- Education: University of Manchester
- Occupations: Businessman; Journalist;
- Known for: Co-owner of Querétaro F.C.
- Height: 6 ft 5 in (1.96 m)

= Ed Malyon =

British sports journalist

Ed Malyon is a British businessman who is co-owner of the Liga MX football club Querétaro F.C. Previously he was Managing Director of UK Operations for The Athletic. He was formerly the sports editor of The Independent and the weekend football editor of the Daily Mirror.

== Education ==
Malyon received a B.A. in Spanish and French from Manchester University.

== Career ==
Malyon began his journalism career as a freelance writer, reporting on South American football for The Daily Mirror, Sports Illustrated, ESPN, The Guardian and FourFourTwo. He joined the Daily Mirror full-time in 2013 and was later made deputy sports editor and European football correspondent.

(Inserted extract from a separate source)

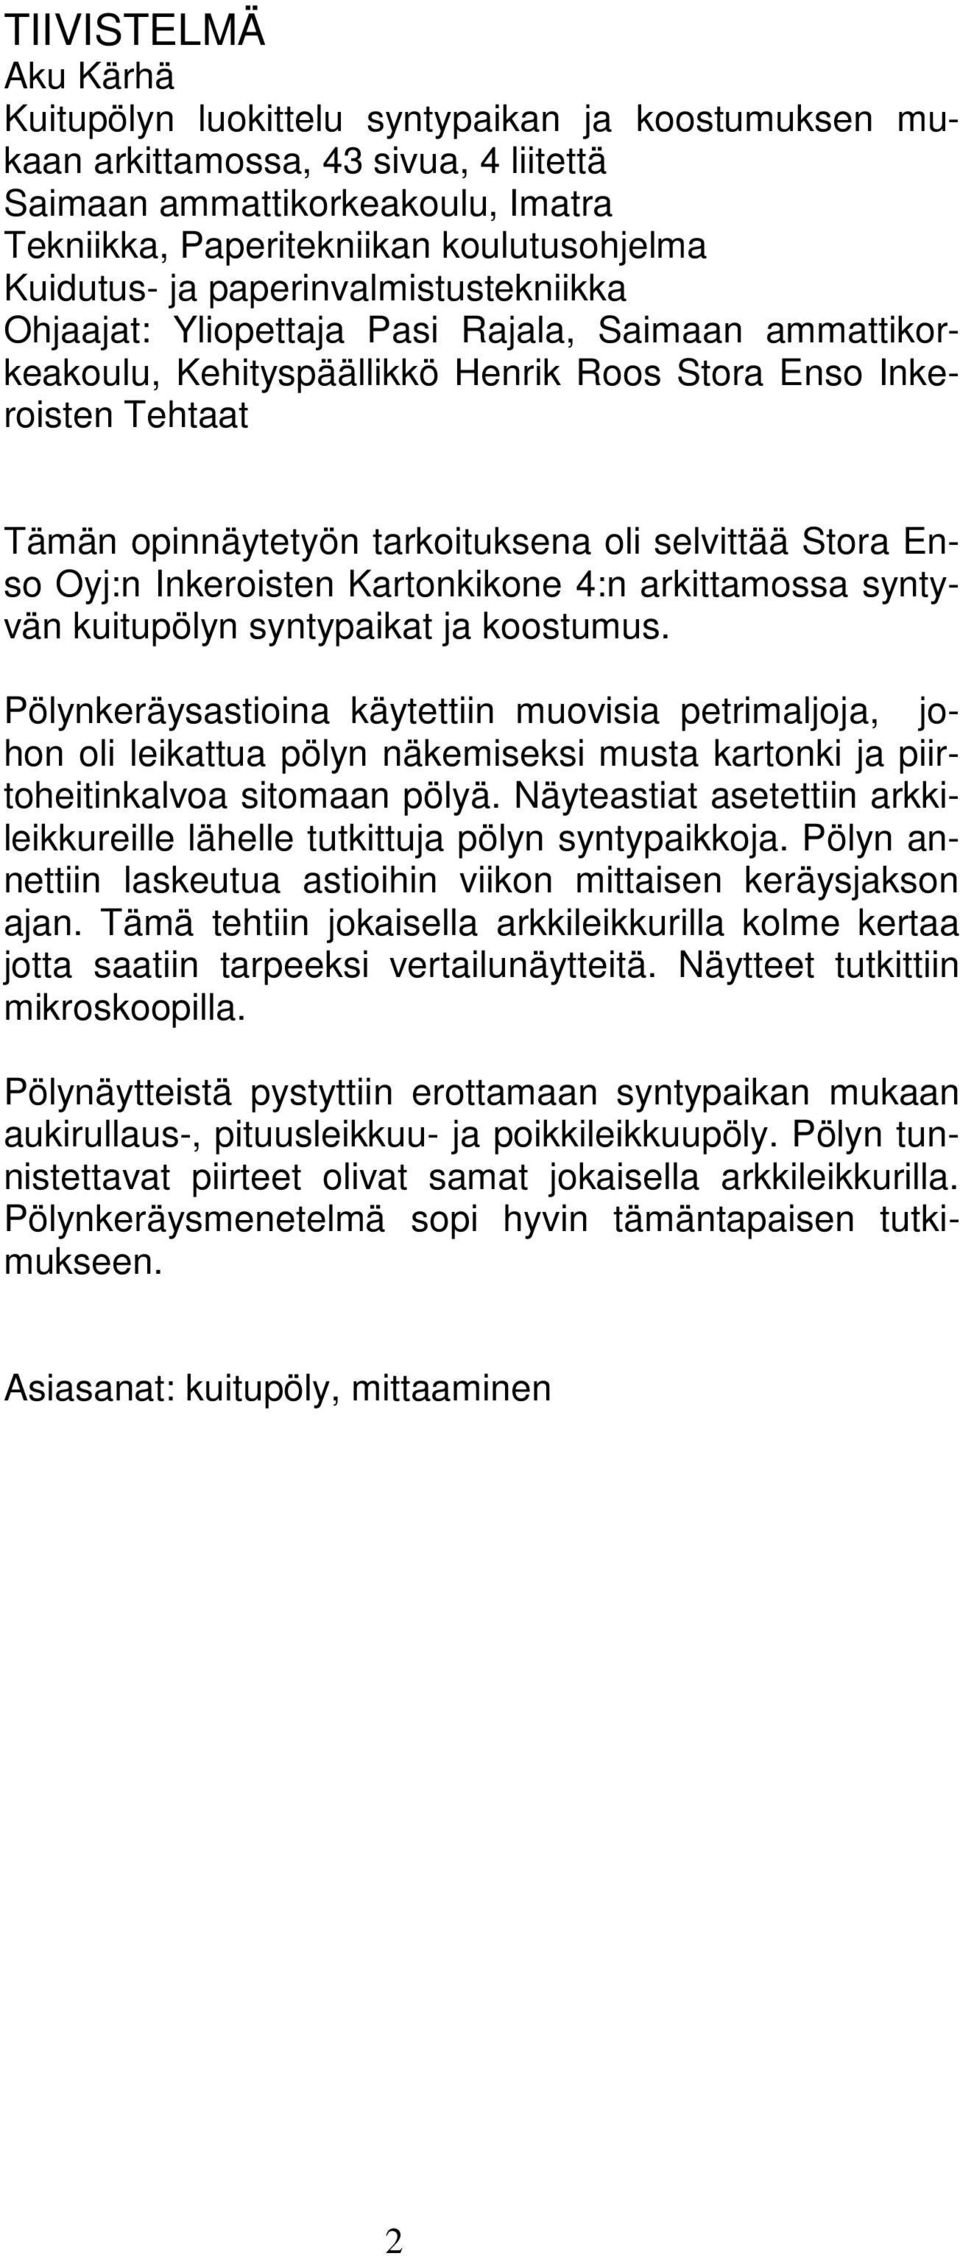 selvittää Stora Enso Oyj:n Inkeroisten Kartonkikone 4:n arkittamossa syntyvän kuitupölyn syntypaikat ja koostumus.

Malyon was appointed sports editor of The Independent in 2017 while still only 27, the youngest in the history of Fleet Street to be given the role. He was the host of The Indy Football Podcast, nominated for ‘best podcast’ at the 2017 Football Supporters Federation awards.

He left the Independent on 17 May 2019 to join startup US sports website The Athletic, founding their London office and international business.

Malyon was described by the Daily Telegraph as “among the most powerful figures in British sports media”.

On 11 July 2025, Malyon and his investor group closed the acquisition of Querétaro F.C. to become the first majority-U.S. ownership group in Liga MX.

==Personal life==
Malyon is a supporter of Crystal Palace FC. He resides in America with his family.